CEs were isolated from Matriptase/MT-SP1^−/− neonates to assess their morphology and mechanical integrity. Interestingly, the Matriptase/MT-SP1^−/− CEs were 15% larger than the CEs isolated in parallel from littermate controls, revealing a distinct alteration in CE morphogenesis (Fig. 1 G). However, Matriptase/MT-SP1^−/− CEs displayed no alterations in shape or surface appearance when examined by light microscopy (Fig. 1 H) or scanning EM (unpublished data), or a decreased mechanical strength, as measured by the resistance to ultrasound treatment (unpublished data). In accordance with the latter observations, the expression level and the enzymatic activity of transglutaminase-1, -2, and -3 were unaffected by the loss of Matriptase/MT-SP1 (unpublished data).

Next, we subjected newborn Matriptase/MT-SP1^−/− epidermis to a tape-stripping procedure routinely used to assess stratum corneum integrity (Marttin et al., 1996; Dreher et al., 1998). Adhesive-coated discs were repeatedly applied to the dorsal skin, and stratum corneum removal was analyzed by visual inspection, histological analysis, and quantitation of stratum corneum protein loss. The entire stratum corneum of control mice was lost after 12 successive rounds of tape stripping, leaving the lower layers of the epidermis exposed (Fig. 2, A and B; left panels). However, the same procedure barely affected the Matriptase/MT-SP1^−/− stratum corneum (Fig. 2, A and B; right panels). This increased mechanical resistance of Matriptase/MT-SP1^−/− epidermis was further evidenced by a significant reduction in stratum corneum protein loss after tape stripping, as determined by the quantitation of total protein adhering to adhesive-coated discs applied to Matriptase/MT-SP1 and control skin (Fig. 2 C).

Analysis of newborn Matriptase/MT-SP1^−/− epidermis by cDNA array hybridization, Western blot analysis, immunohistochemistry, or two-dimensional gel electrophoresis did not unravel significant changes in the expression of epidermal differentiation–associated structural genes (Fig. 3 B; unpublished data). Surprisingly, however, Matriptase/MT-SP1^−/− epidermal protein extracts separated by SDS-PAGE lacked a major protein of ∼32 kD (Fig. 3 A, lanes 1 and 2). The 32-kD protein was not expressed in detectable amounts in the dermis (Fig. 3 A, lanes 3 and 4) or in a number of tissues that developed normally in Matriptase/MT-SP1^−/− mice (unpublished data), suggesting that the absence of this protein could be causally related to the epidermal phenotype in the mutant mice. To identify the 32-kD protein product, extracts from Matriptase/MT-SP1^−/− and littermate control epidermis were separated by preparative SDS-PAGE. Proteins within the 32-kD size range were then subjected to in-gel tryptic digestion, followed by differential mass spectrometry–based peptide mapping. This analysis identified six peptides that were exclusively present in the control epidermis. All six peptides could unambiguously be assigned as being derived from mouse filaggrin (Table I). This result was confirmed by the absence of immunoreactive material within the 32-kD range in Western blot analysis of extracts of Matriptase/MT-SP1^−/− skin using a filaggrin monomer repeat antibody (Fig. 3 A, lanes 5 and 6). Together, the data show that epidermal Matriptase/MT-SP1 deletion correlates with the loss of detectable filaggrin monomer in the absence of overt changes in the expression of other abundant epidermal proteins.
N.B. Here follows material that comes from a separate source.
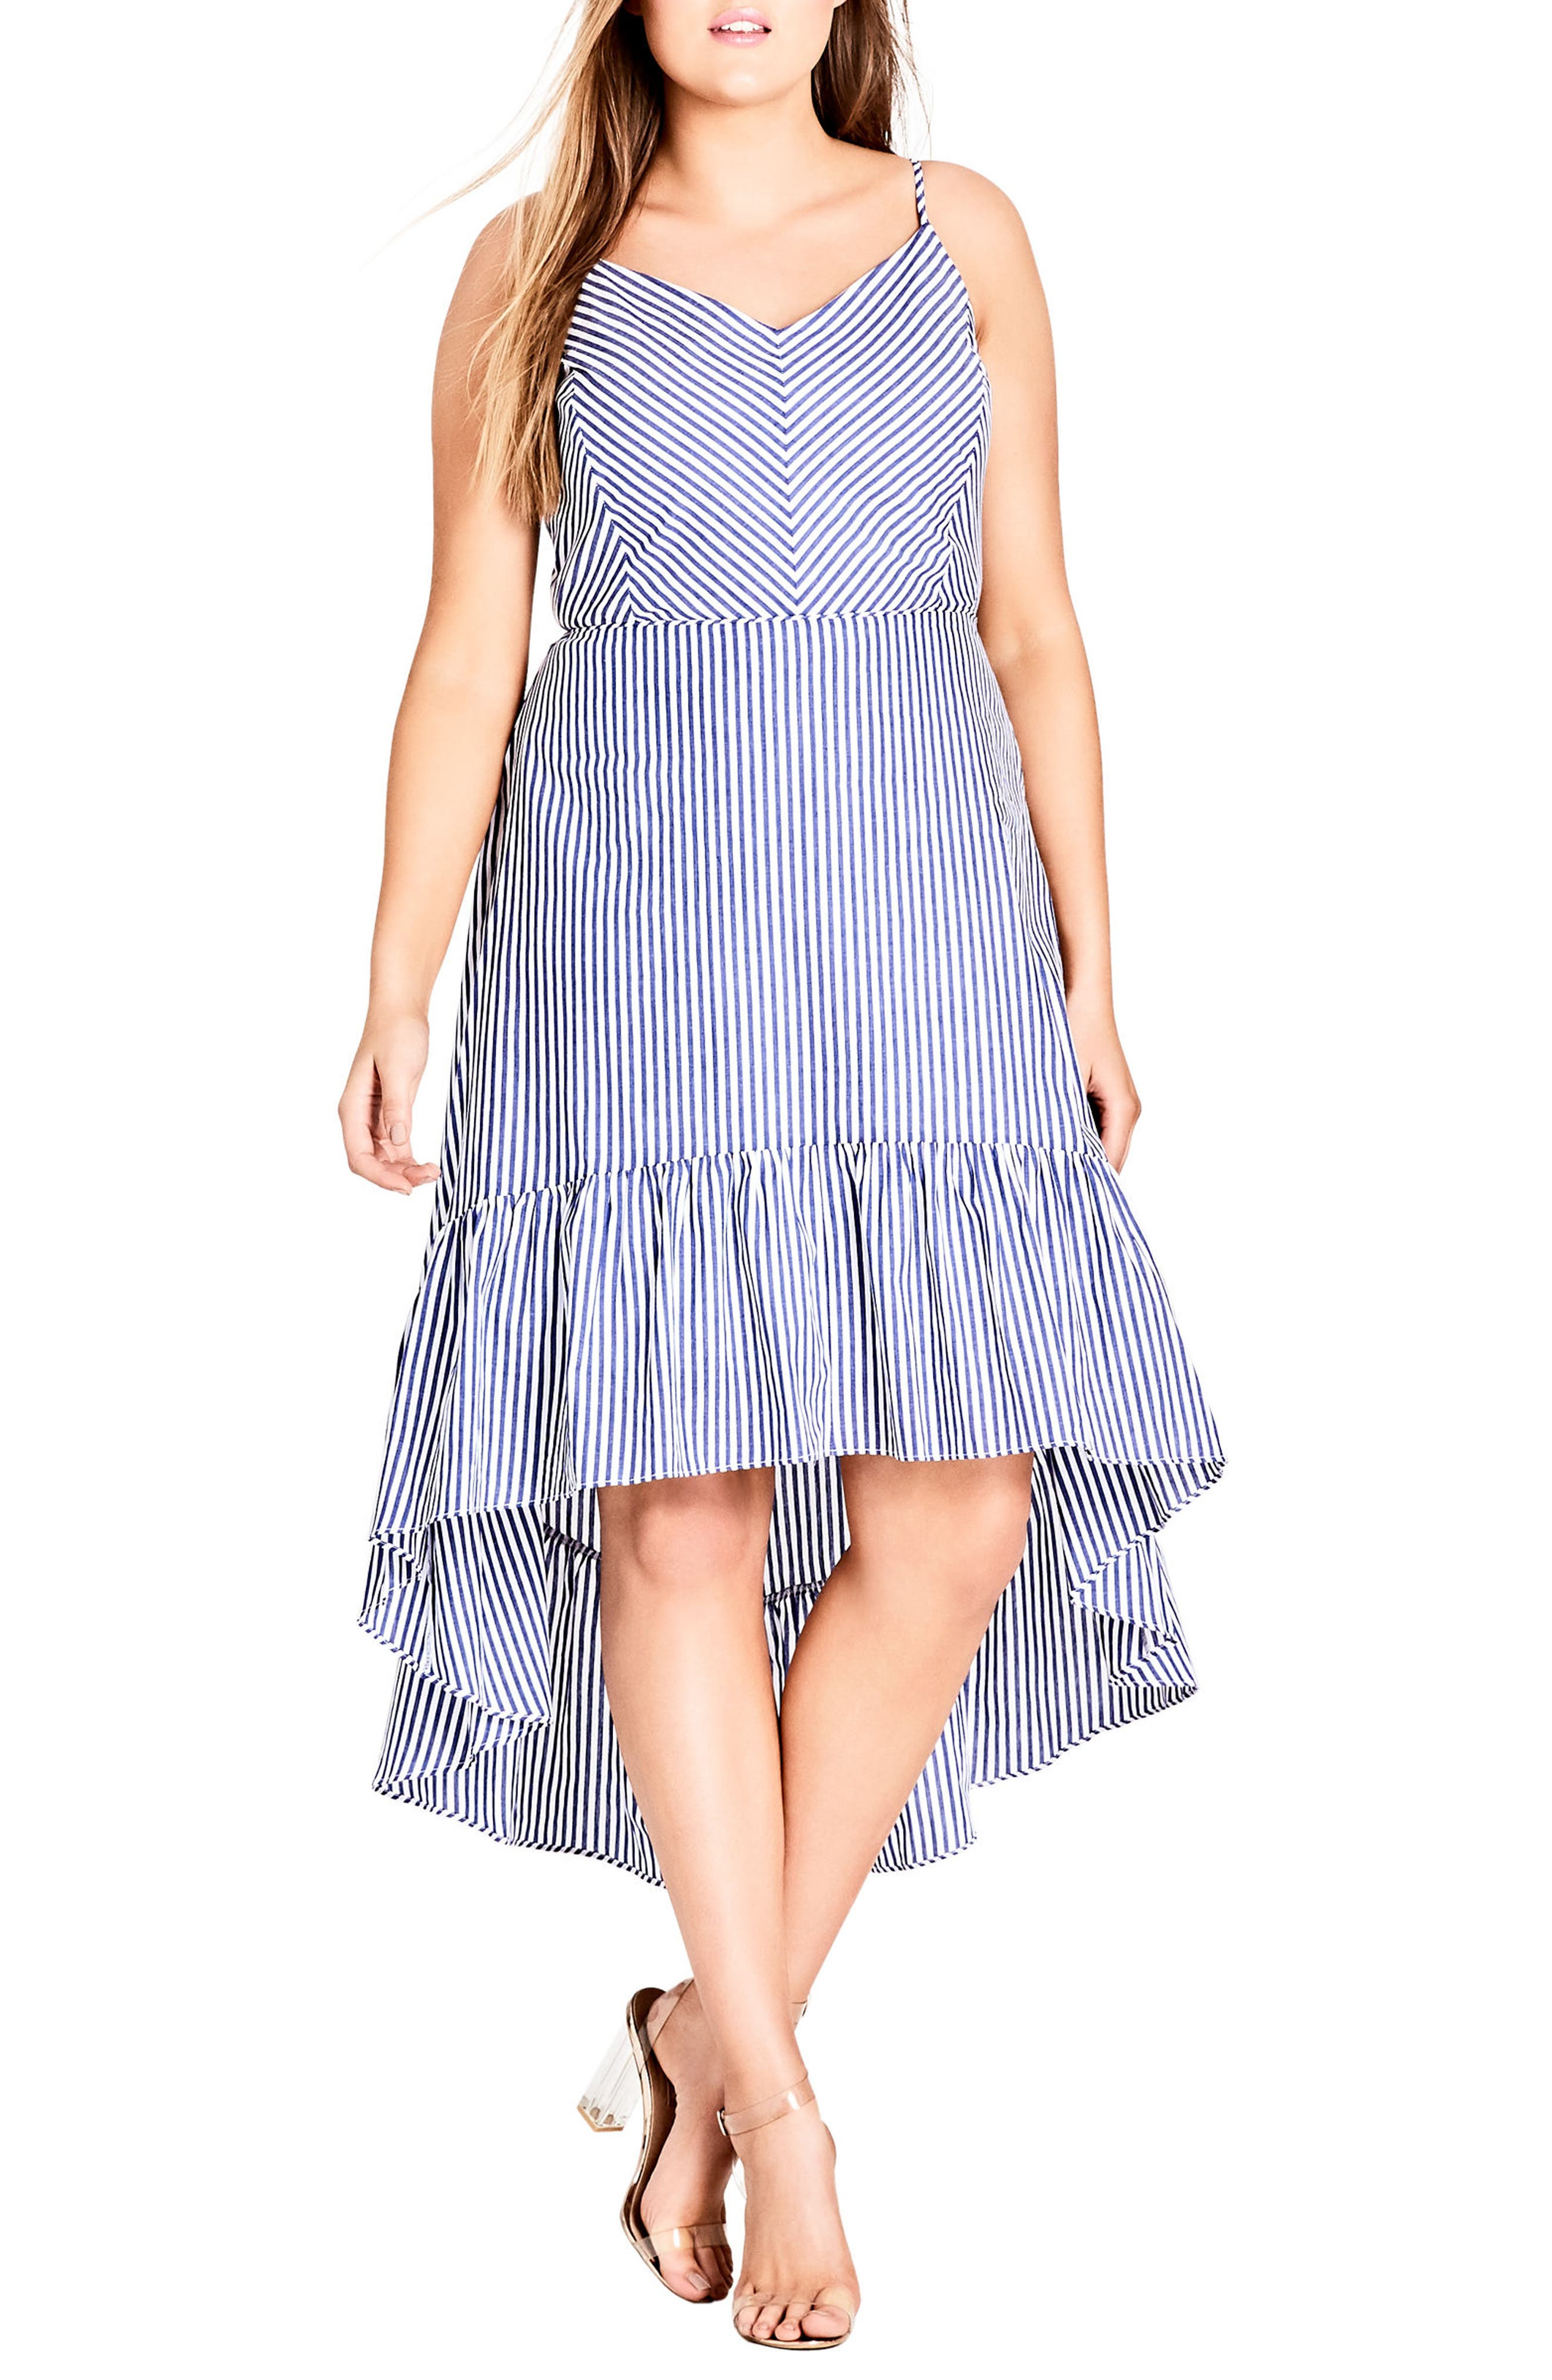 Mallorca Stripe Maxi Dress,                             Main thumbnail 1, color,                             Blue Stripe

Two separate strategies were used to determine whether the loss of filaggrin monomer in Matriptase/MT-SP1^−/− epidermis was caused by a compensatory increase in filaggrin turnover secondary to the loss of epidermal barrier function (Scott and Harding, 1986; Rawlings et al., 1994), or if it was the direct consequence of the loss of Matriptase/MT-SP1. First, filaggrin expression was analyzed in the epidermis from embryonic day 18.5 (E18.5) embryos immediately after delivery by Caesarian section. This procedure excluded potential effects on filaggrin turnover caused by postpartum air exposure and dehydration. The 32-kD filaggrin monomer was readily detected in E18.5 control epidermis by Western blot analysis using a filaggrin monomer repeat antibody (Fig. 3 C, lane 3), but was present in substantially lower amounts than in neonate control skin (Fig. 3 C, lane 1), as reported previously (Hardman et al., 1998). In contrast, no filaggrin protein was detected in E18.5 Matriptase/MT-SP1^−/− epidermis (Fig. 3 C, lane 4), demonstrating that the loss of filaggrin monomer occurs before birth and exposure to a dehydrating terrestrial environment. Second, the expression of filaggrin in neonatal epidermis from Klf4^−/− mice was analyzed. These mutant mice display a complete loss of skin barrier function leading to perinatal death due to dehydration, and they phenotypically closely resemble Matriptase/MT-SP1^−/− mice (Segre et al., 1999). However, Western blot analysis showed normal expression of filaggrin monomer in the epidermis of newborn Klf4^−/− pups (Fig. 3 D, compare lane 3 with lane 4). Together, the data show that the loss of filaggrin monomer is not secondary to the loss of barrier function and epidermal dehydration.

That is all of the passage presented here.